Schley teaches her students to read documents multiple times, taking notes in layers, and to ask questions about passages they don’t understand. In the beginning of the year, she guides the class in annotating documents projected on a screen. From there, students progress to annotating in small groups, then finally to doing the work as homework assignments. Remembering how much she learns from the insights of other teachers during the Ashbrook seminars, Schley encourages students to ask classmates how they interpret difficult passages.
Still, it was only this March—during a TAH discussion of civil rights led by professor Peter Myers—that an idea struck Schley. “Why am I not doing this sort of seminar with my students?”
It wasn’t that she never asked students to discuss documents. She’d staged the kind of exercise education professionals encourage, the so-called “Socratic discussion.” In these highly structured events, students are judged for every idea they volunteer.
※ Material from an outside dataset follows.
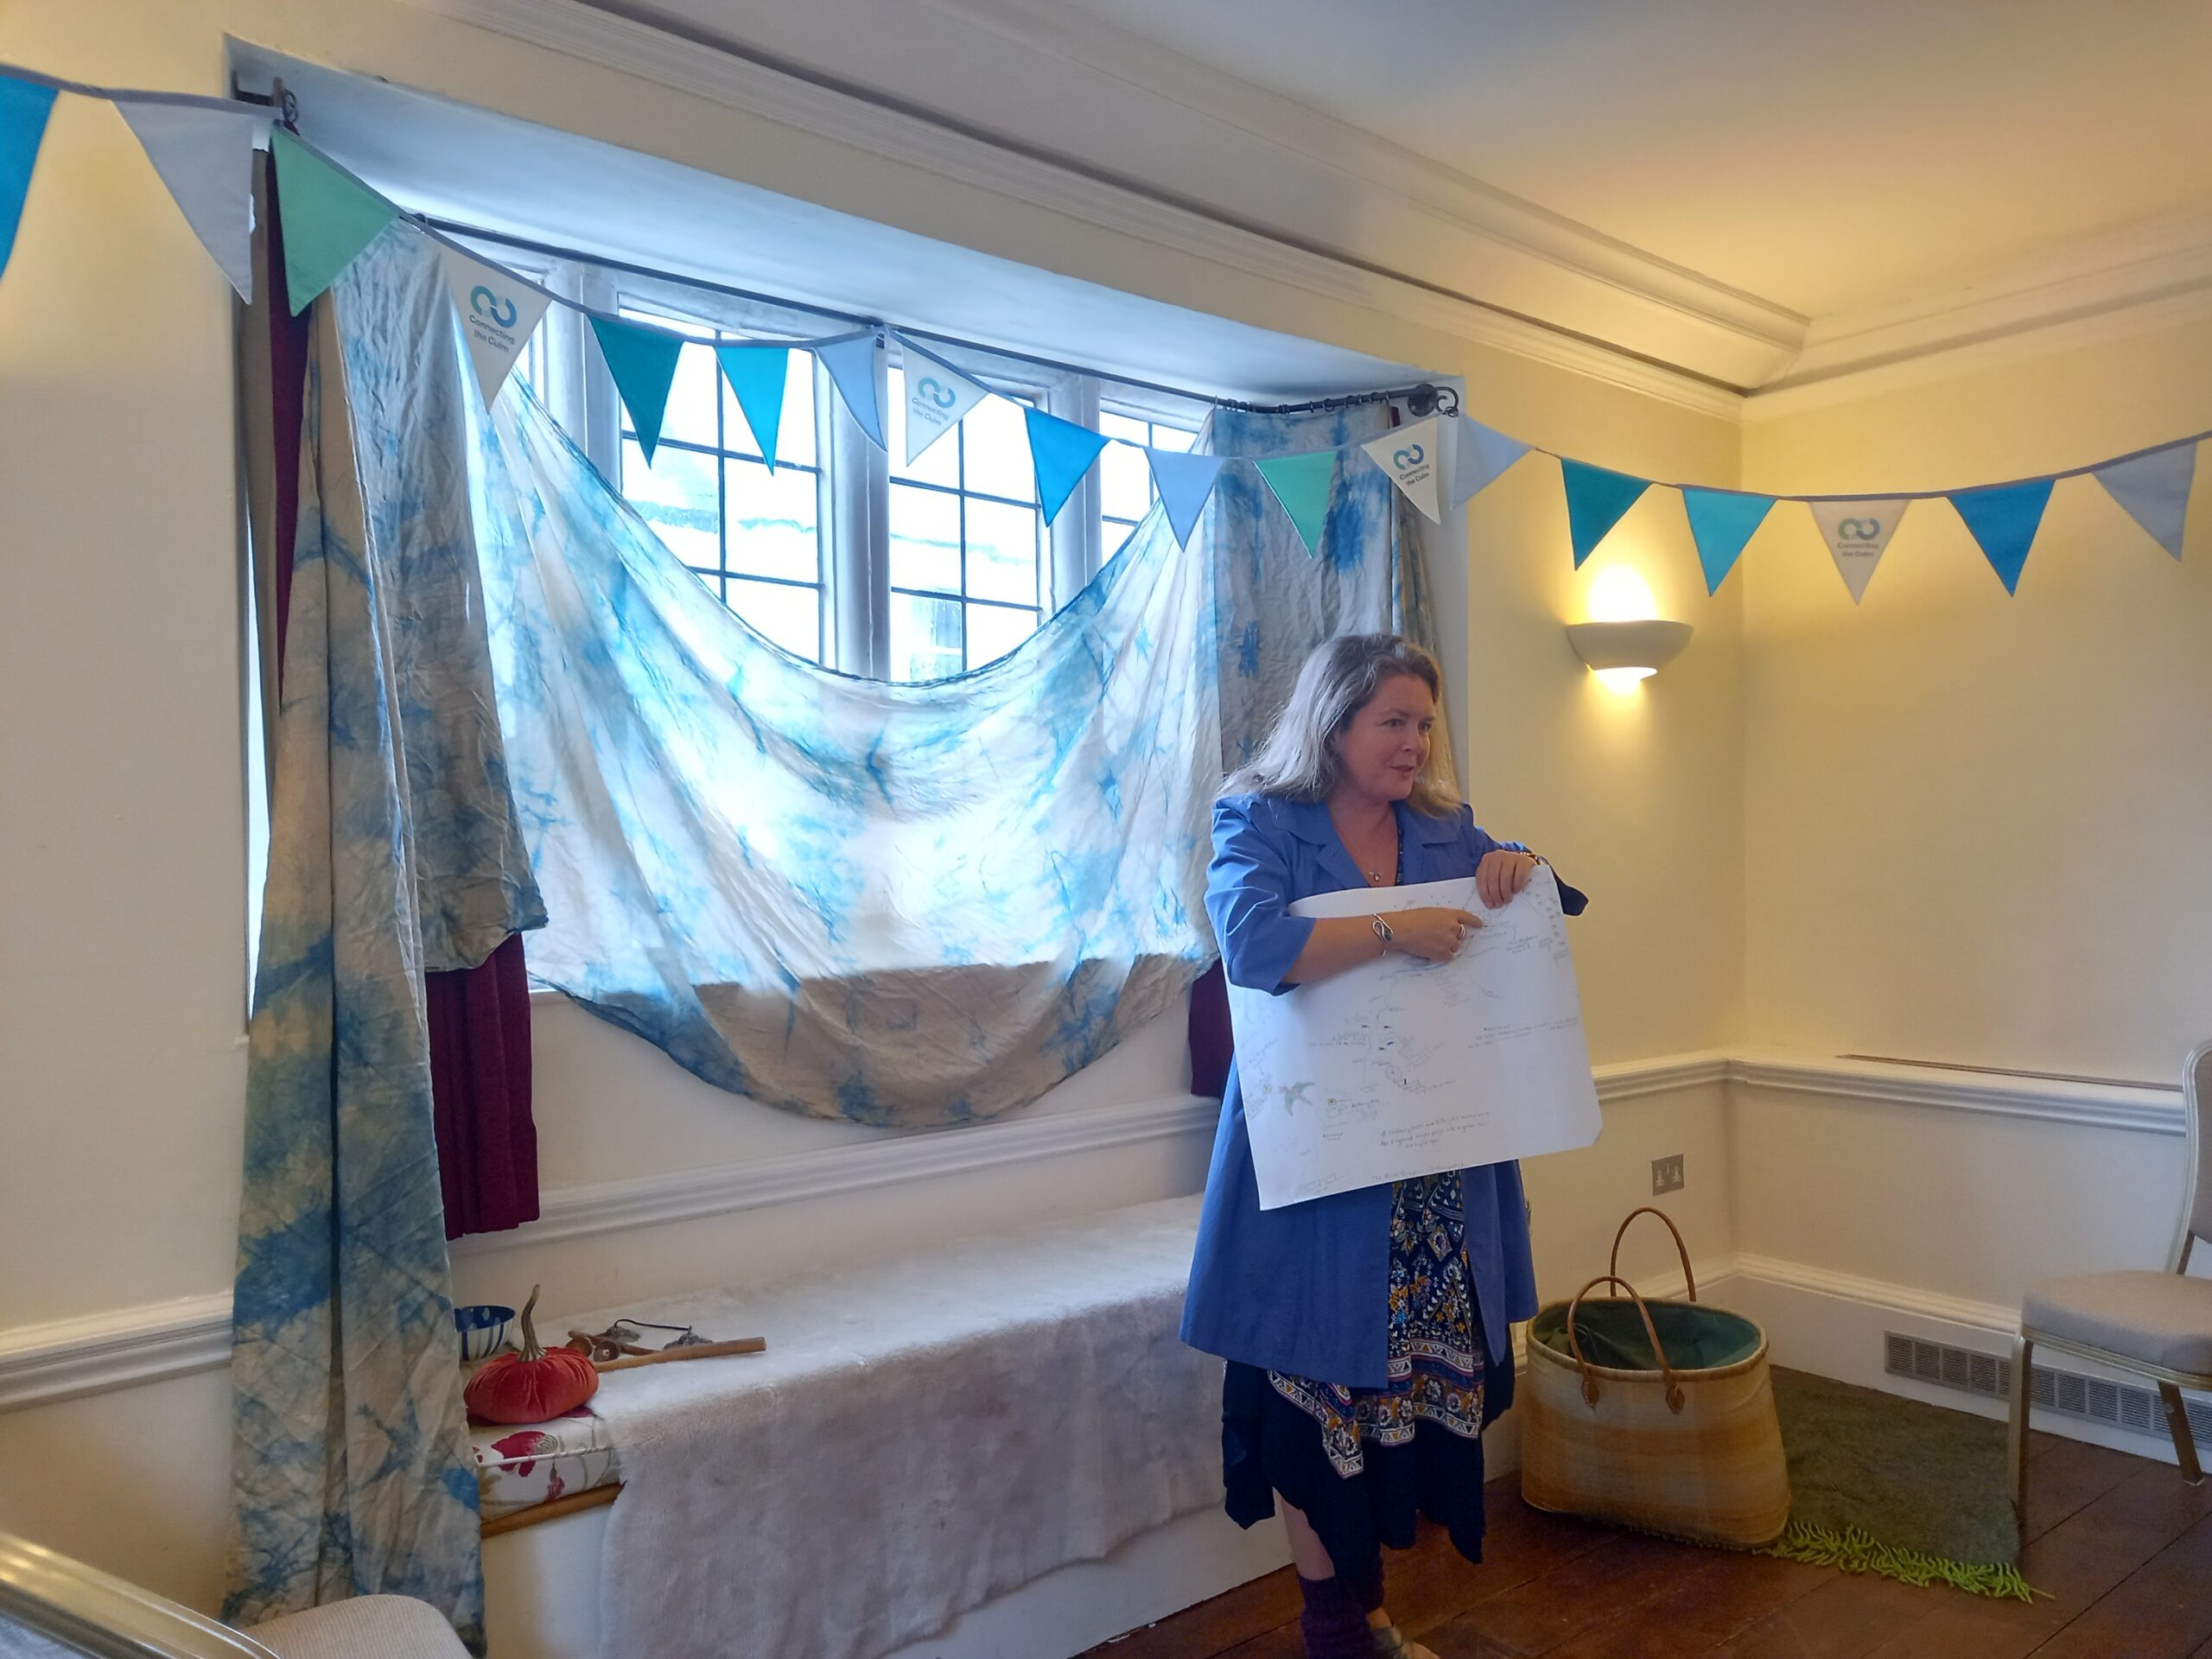 Clare Viner standing in a room decorate with bunting and telling a story.

“Each student knows he has to speak three times during the discussion. They also think that what they say has to be right. They know the teacher has an objective and will make sure the discussion gets there.”
Schley prefers the very different design of Ashbrook seminars. Although highly knowledgeable, the university professor who facilitates discussion does not dismiss “incorrect” opinions. Speaking of Professor Scott Yenor, who led a seminar on the Civil War, Schley said: “He guided us to do our own thinking. He’d ask us, ‘Why do you think what you’ve just said—can you point to a particular section of the document, or to other readings you’ve done?’” As teachers went back to the text to look for evidence, and as they listened to others who pointed to different evidence, they often revised their thinking.
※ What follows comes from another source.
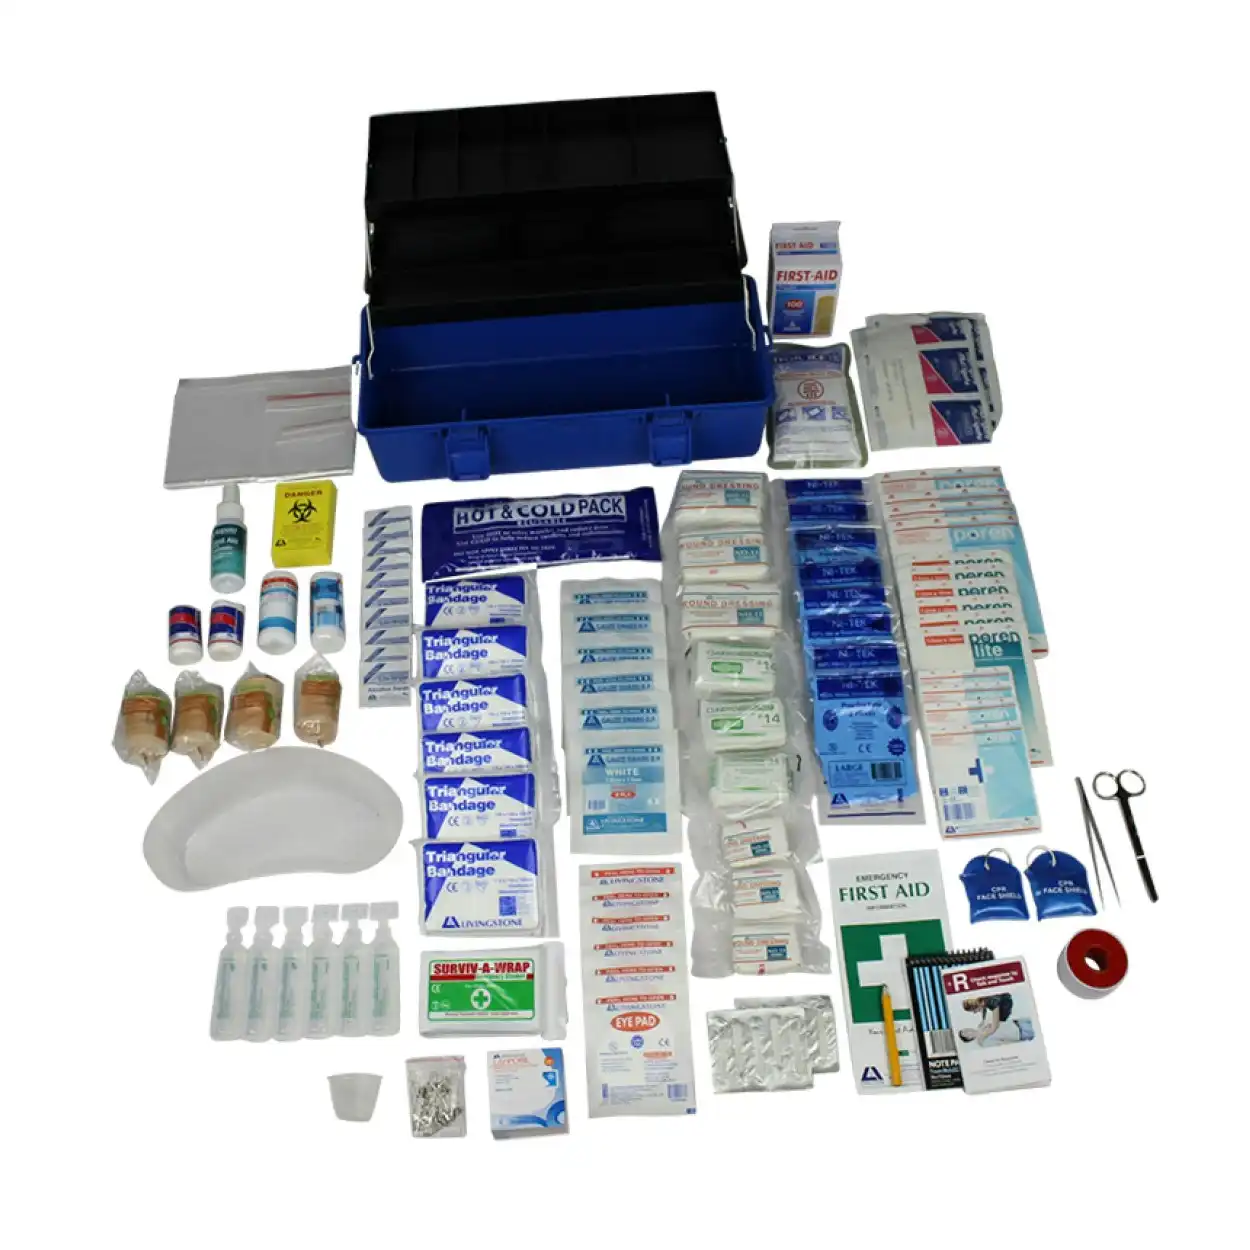 Livingstone Queensland Medium Workplace First Aid Kit Complete Set In Recyclable Plastic Case for 25-100 people

In late March, Schley asked her eighth graders to engage in what she calls “academic discussions” of primary documents bearing on race relations. She explained they’d be practicing a new skill—how to listen to what others say, how to respond to their ideas, and how to courteously disagree.
During the first discussion, on a pre-Civil War essay by Frederick Douglass, some students hesitated to talk, while others spoke without thinking, forgetting to anchor their comments in the text. Schley led students in a five-minute debrief, asking them to think about how they could make the next discussion better. Then she assigned Martin Luther King’s “Letter from Birmingham Jail.” King wrote the letter to a group of Birmingham pastors who had written him, criticizing him as an outsider interfering in their local concerns. Students read both letters and spent a week annotating King’s response. They’d also read King’s “I Have a Dream” speech in their English class. They came to the discussion well prepared.
As they talked about King’s argument with his critics, students pulled out sentences from the two letters. The local pastors called the demonstrations King led “unwise and untimely;” while King argued that “justice delayed is justice denied.” King cited the brutal treatment of demonstrators by Birmingham police as evidence of injustice, while the pastors seemed to view the police actions as a reasonable response to disorder. “It seems like what you already believe will affect how you see the violence in this case,” one student said, drawing a connection to today’s demonstrations over police use of lethal force.
Another student wondered whether today’s demonstrations and those of 1963 were really similar. King followed a careful process, she noted. “He talked about the four basic steps in any protest: ‘collection of the facts; negotiation; self-purification; direct action,’” she read. “I wonder if demonstrators today really [follow those first three steps] before they take direct action?”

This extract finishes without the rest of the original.